Наступило молчание, не исключено, что Коннор подумывает, не послать ли на Байрс-роуд бригаду в белых халатах. Вздохнув, прощается:

– Я должен идти, у меня дела, а ты поосторожнее со своим насморком или что там у тебя? С недомоганием, в общем…

– Обязательно, милый, – говорю я, закусив губу: вдруг стало понятно, что разговор подходит к концу. – Я соскучилась.

– Мне тоже тебя не хватает, Энджел, – отвечает он. – Будь умницей.

– Ну, конечно, я буду умницей, – отвечаю я, удивляясь, как громко и неубедительно прозвучала фраза. – Я всегда умница.

– Знаю, – говорит Коннор, немного успокоившись, – поэтому мне вполне комфортно в нашей ситуации. Все, малыш, пока. Потом еще поболтаем.

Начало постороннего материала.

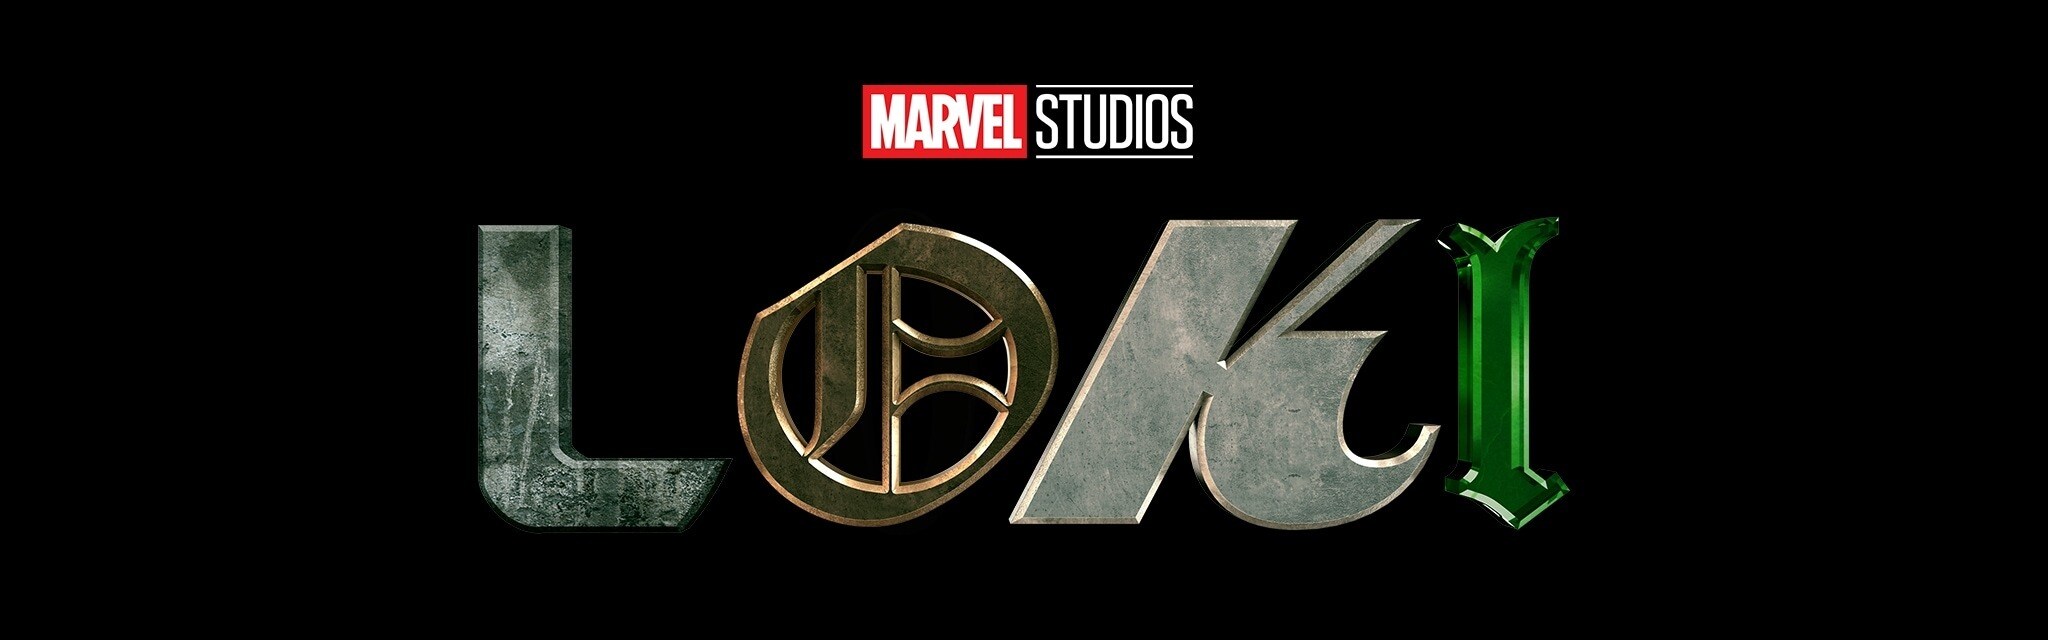 Loki | Estreno 9 de junio | Solo en Disney+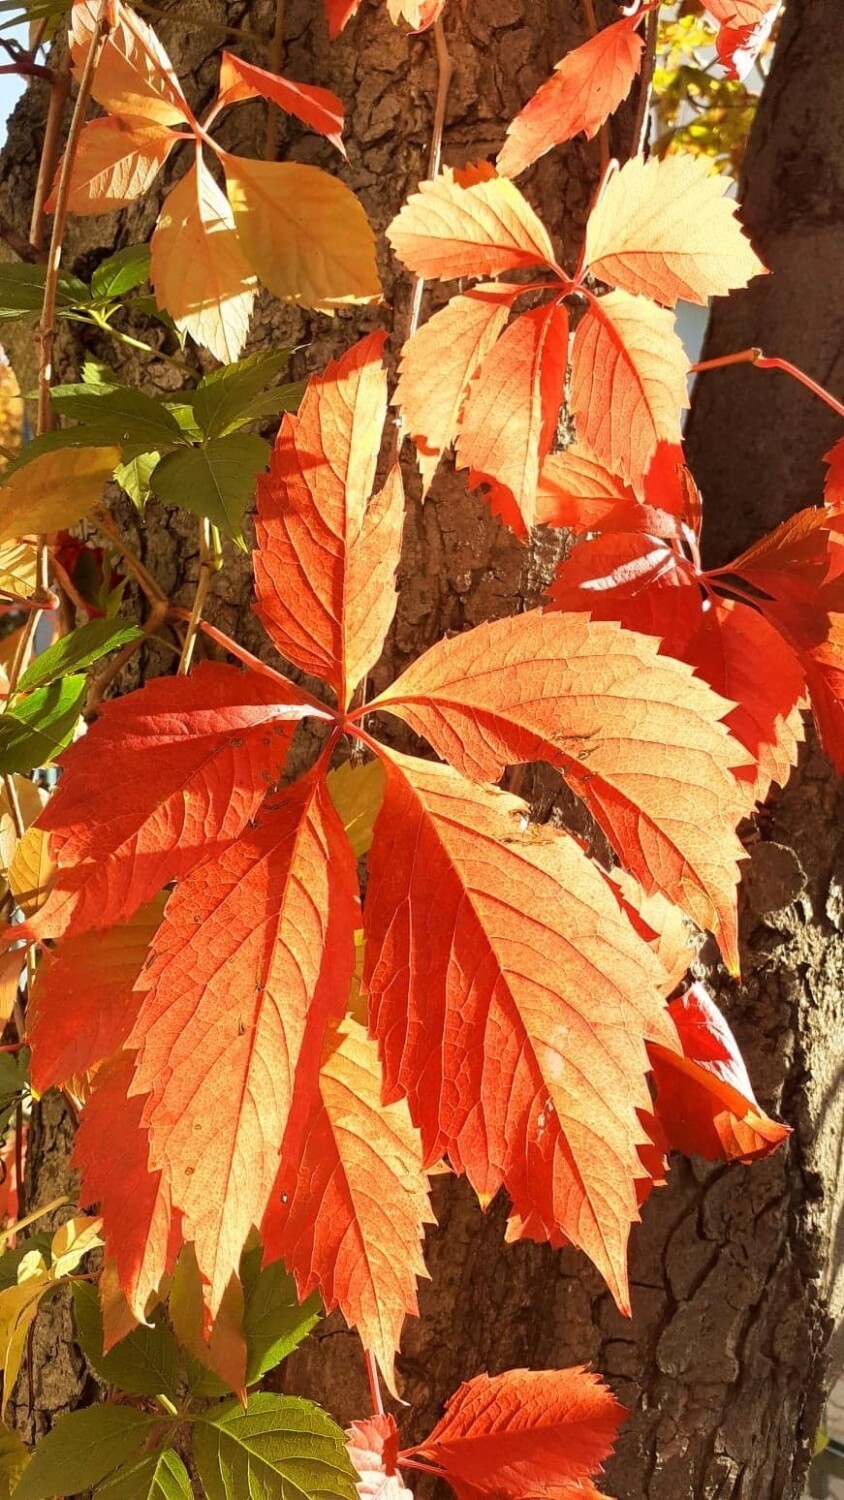 Piękna jesienna sceneria w parku przy Zamku Dubiecko. Zjawiskowe barwy oszałamiają. Przekonajcie się sami! [ZDJĘCIA]

Кладу трубку, а в голове так и крутится его последний перл «Комфортно». Комфортно? Как это вообще понимать? У меня создается впечатление, будто речь идет о старых разношенных сандалиях или потертых мешковатых джинсах, а не о молодой прикольной девушке диджее, которой чуть за двадцать. А еще она с поп-звездами запанибрата. Тоже мне, нашел словечко. Готова поспорить, говоря о Феррари или Пирелли и остальных с их плюшевыми прозвищами, он таких слов не употребляет! Разве что когда приляжет отдохнуть на их огромные надувные мешки. Показываю телефону средний палец: «Да катись ты», врубаю на полную компакт-диск с «Пчелами» и мчусь на кухню, чтобы сварить себе на ночь хорошенькую чашку горячего шоколада. Выпью с зефиром и печеньем. «Комфортно»? Со мной? Здрасьте.

Глава 14

ЧЕРНОГЛАЗЫЙ ПАРЕНЕК[62]

Просыпаюсь с таким чувством, будто во сне отработала пару часов стэп-аэробики – не скажу, что когда-либо доводилось испытать такое, но вполне способна представить, как после подобного издевательства болят руки-ноги. Потом мне припомнилось, что во сне я выступала солисткой в каком-то довольно энергичном попсовом видеоклипе. В халатике медсестры длиной «по самое не балуй» выделывала ногами замысловатые кренделя и, беззвучно открывая рот, подпевала Дидье Лафиту. Видимо, я отчаянно молотила пятками по кровати и, судя по необычным угловатостям, которые приобрела моя прическа, не обошлось и без брейк-данса на голове.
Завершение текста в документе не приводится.